$ cat post/dial-up-tones-at-night-/-a-system-i-built-by-hand-/-i-still-have-the-diff.md

dial-up tones at night / a system I built by hand / I still have the diff


Title: Debugging AI Copilots in 2025


January 6, 2025. It feels like just yesterday I was debugging some of the first containerized microservices in a Kubernetes cluster. Now, it’s the era of AI copilots and platform teams owning entire pipelines from data ingestion to model deployment. I find myself staring at one such copilot—this time it’s not a piece of code, but an AI agent that claims to help with infrastructure monitoring.

The Setup

The latest project is a SaaS platform built on Kubernetes clusters across multiple clouds. We’ve got eBPF and Wasm deeply embedded in our stack for performance optimization. Our monitoring suite uses these tools along with several LLMs (Language Models) from various vendors, promising real-time insights into application health and performance.

One of the key features is an AI copilot that automatically suggests optimizations based on anomaly detection in system logs. It’s supposed to be a game-changer. But yesterday evening, it was flagging false positives like a broken record.

The Debug

I started by looking at the logs. The agent had flagged a service named web-app-21 as having high latency. I logged into the cluster and found that yes, there were indeed some spikes in response times, but not as dramatic as the AI was reporting. Digging deeper, I checked the network trace using eBPF. It showed a few packets being dropped due to a misconfigured route table.

However, the real culprit was something unexpected: an issue with our Wasm module that handles load balancing. A recent change in the agent’s logic caused it to send requests to a different service than intended, leading to a cascade of latency issues. The copilot had not caught this because its training data didn’t cover edge cases like this.

The Fix

I spent a few hours refactoring the Wasm module and adjusting the agent’s logic to better handle these scenarios. Once I pushed the changes, the copilot started flagging real issues instead of false positives. But more importantly, it helped us identify a subtle bug in our load-balancing algorithm that was causing intermittent delays.

The Reflection

This experience underscores how much AI has changed not just how we code but also how we approach debugging. While these tools are powerful, they’re only as good as the data and logic behind them. Debugging an AI copilot is different from debugging a piece of software—there’s this additional layer of complexity where understanding the model’s training process and its limitations becomes crucial.

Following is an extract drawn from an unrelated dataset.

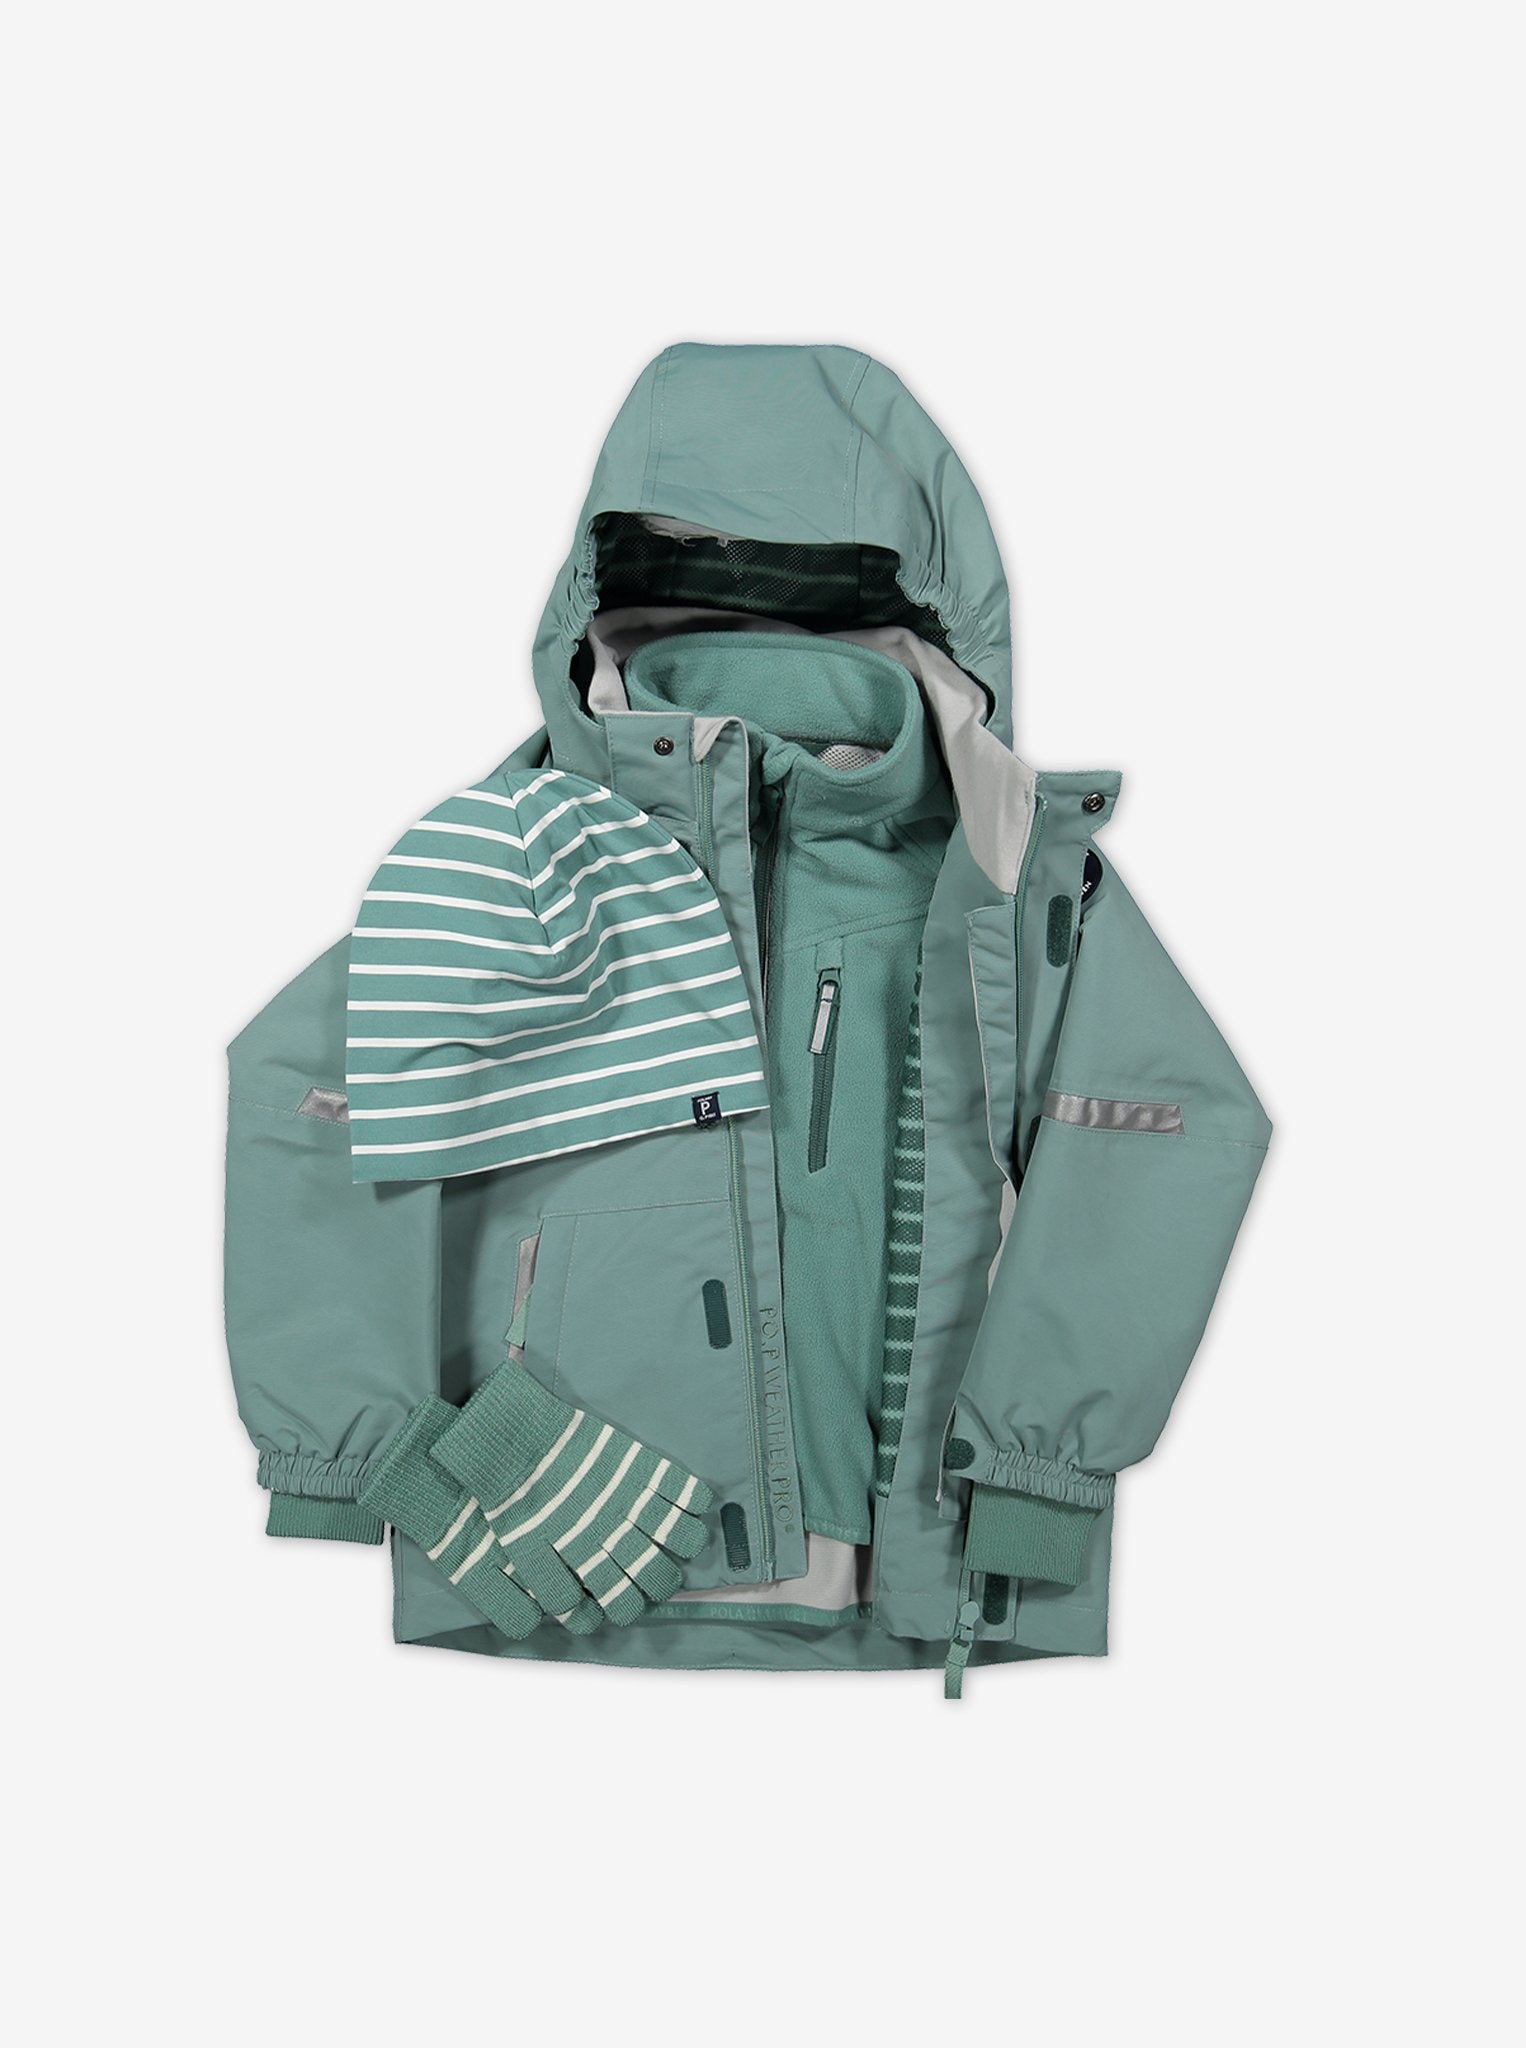 A kids winter outerwear set which includes a green waterproof jacket, waterproof fleece jacket, kids gloves and wool beanie.

In my defense, I often found myself thinking, “Why didn’t it just use better algorithms?” But then I remember how many variables go into training these models. It’s a reminder that in the era of AI copilots, we need to be more mindful about the assumptions we make and the data we feed them.

The Future

As we continue to integrate more AI tools into our workflows, it will be important for platform teams like mine to have a deep understanding not just of how these tools work but also what they can’t do. This is part of the reality of working in an era where AI is no longer just hype—it’s becoming a fundamental part of our infrastructure.

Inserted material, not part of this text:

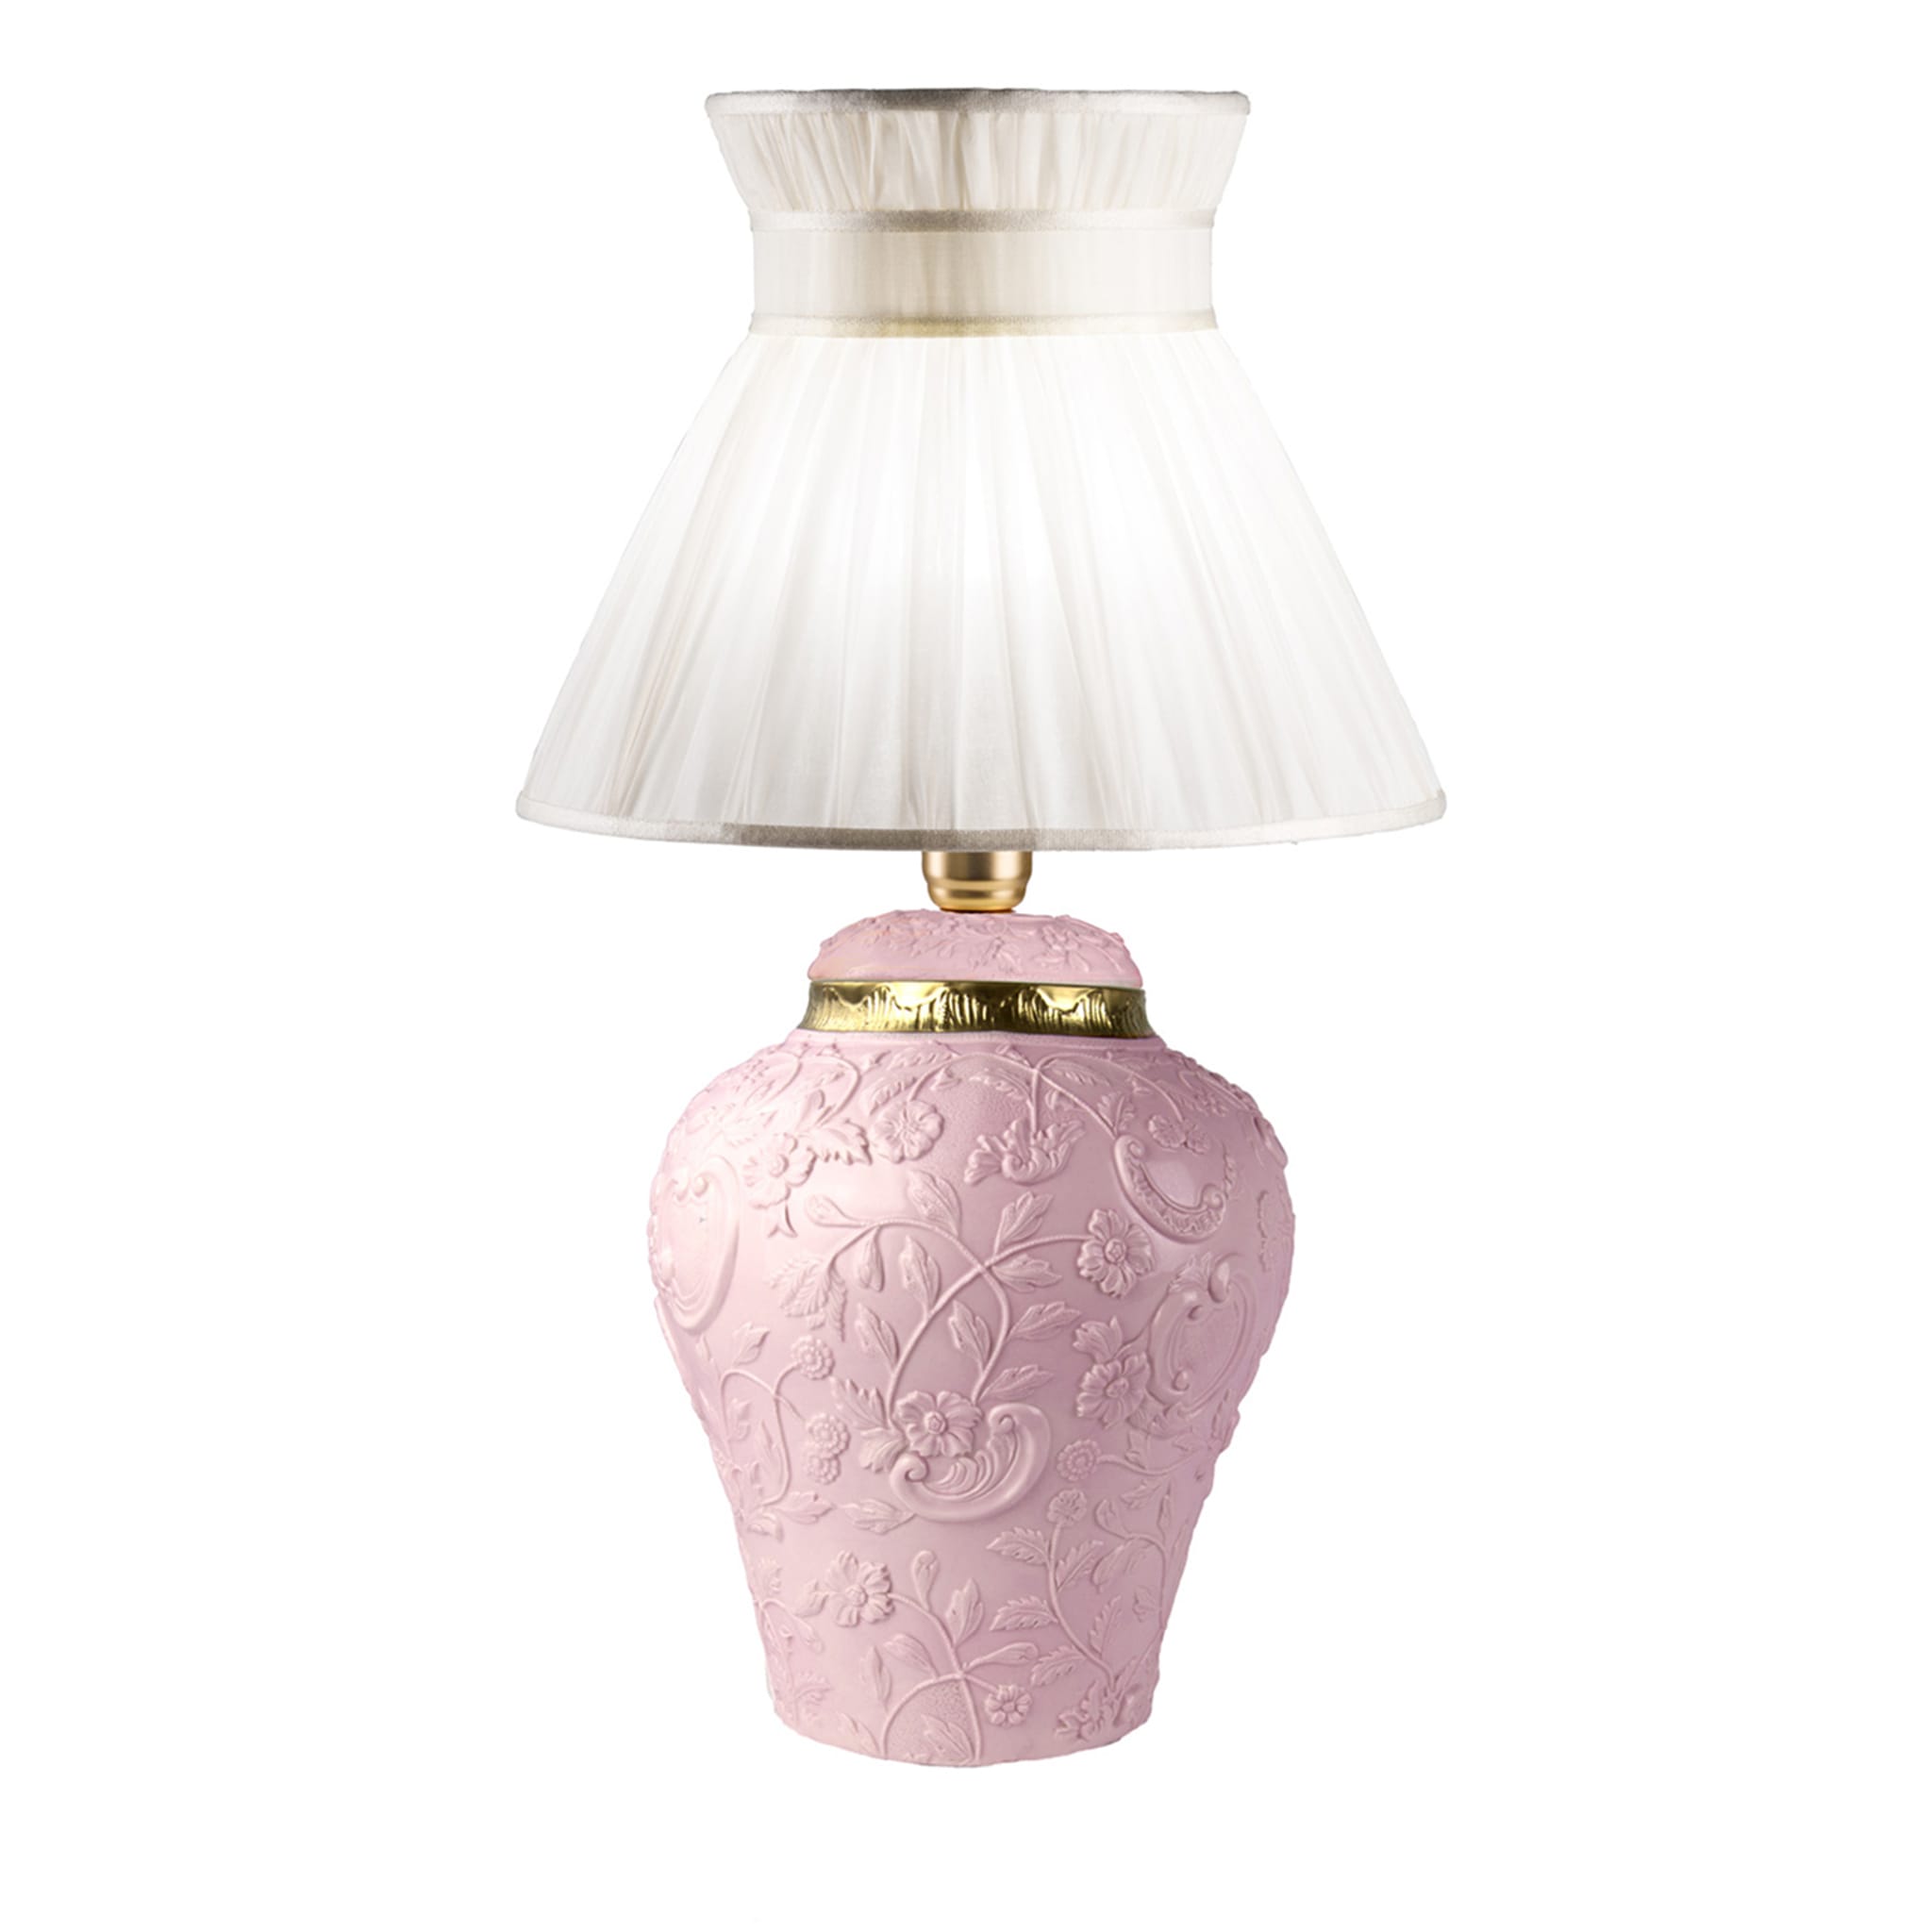 Petite lampe à poser rose Taormina - Vue principale

For now, I’m happy with the outcome. The copilot is more accurate, and we’ve fixed some underlying issues that could have caused bigger problems down the line. But as always, there’s room for improvement. Next time, I hope to have the AI help us find the edge cases before they become full-blown issues.


This was a day in my life, debugging an AI copilot and learning from it. It’s both humbling and exciting to be on this journey of integrating such powerful tools into our daily operations.